Sir Geoffrey Nice QC, chair of the tribunal, said in a judgment in London that the tribunal received a large amount of evidence that Chinese doctors and hospitals promised extremely short waiting times for organ transplants, which would not be possible under a normal voluntary organ donation system.

Forced Organ Harvesting

Human rights and medical experts have an alternative explanation for the sources of organs: forced organ harvesting of prisoners of conscience in China.

Among them, practitioners of Falun Gong, a spiritual practice with meditative exercises and a moral philosophy centered on truthfulness, compassion, and tolerance, constitute a large portion.

Falun Gong practitioners during a re-enactment of the Chinese Communist Party's practice of forced organ harvesting from Falun Gong practitioners, during a rally in Taipei, Taiwan, on April 23, 2006. (Patrick Lin/AFP via Getty Images)
Falun Gong practitioners during a re-enactment of the Chinese Communist Party's practice of forced organ harvesting from Falun Gong practitioners, during a rally in Taipei, Taiwan, on April 23, 2006. Patrick Lin/AFP via Getty Images

The CCP launched a national campaign to eradicate the faith in 1999, which had an estimated 70–100 million practitioners at the time.

The China Tribunal concluded in March 2020 that forced organ harvesting “has been committed for years throughout China on a significant scale and that Falun Gong practitioners have been one—and probably the main—source of organ supply.”

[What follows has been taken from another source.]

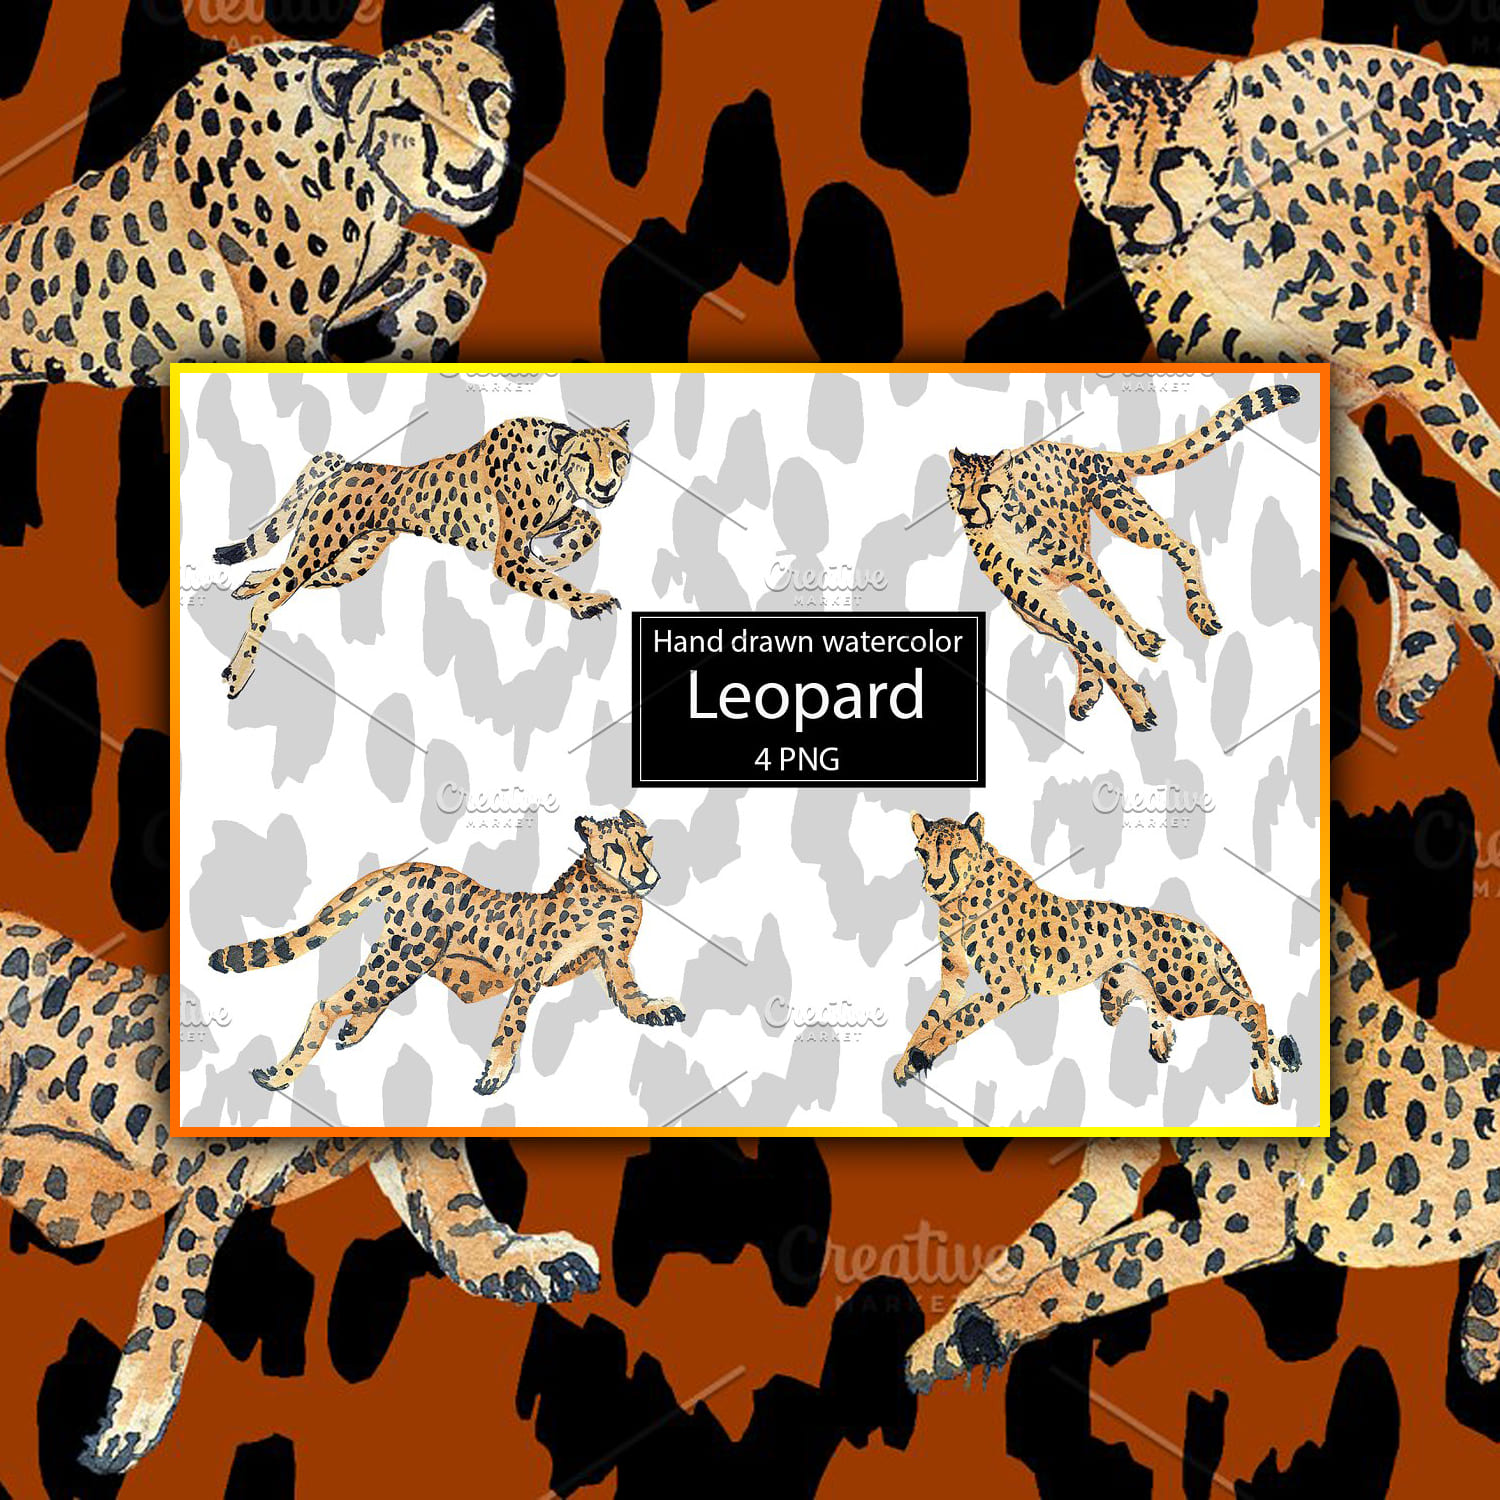 Watercolor Leopard Cover.

Chen, the surgeon who performed a lung transplant on Liu, was accused of forced organ harvesting from Falun Gong practitioners as early as 2016 by the World Organization to Investigate the Persecution of Falun Gong (WOIPFG), a non-profit focused on holding human rights perpetrators accountable.

Two months ago, the U.S. House of Representatives of the United States Congress passed the Falun Gong Protection Act, the first U.S. legislative bill to address the CCP’s persecution of the faith.

If enacted, the bill will ban any U.S. cooperation with China on organ transplants and target sanctions and visa restrictions on individuals complicit in forced organ harvesting. The bill still needs to advance in the upper legislative chamber and be signed by the president before becoming law.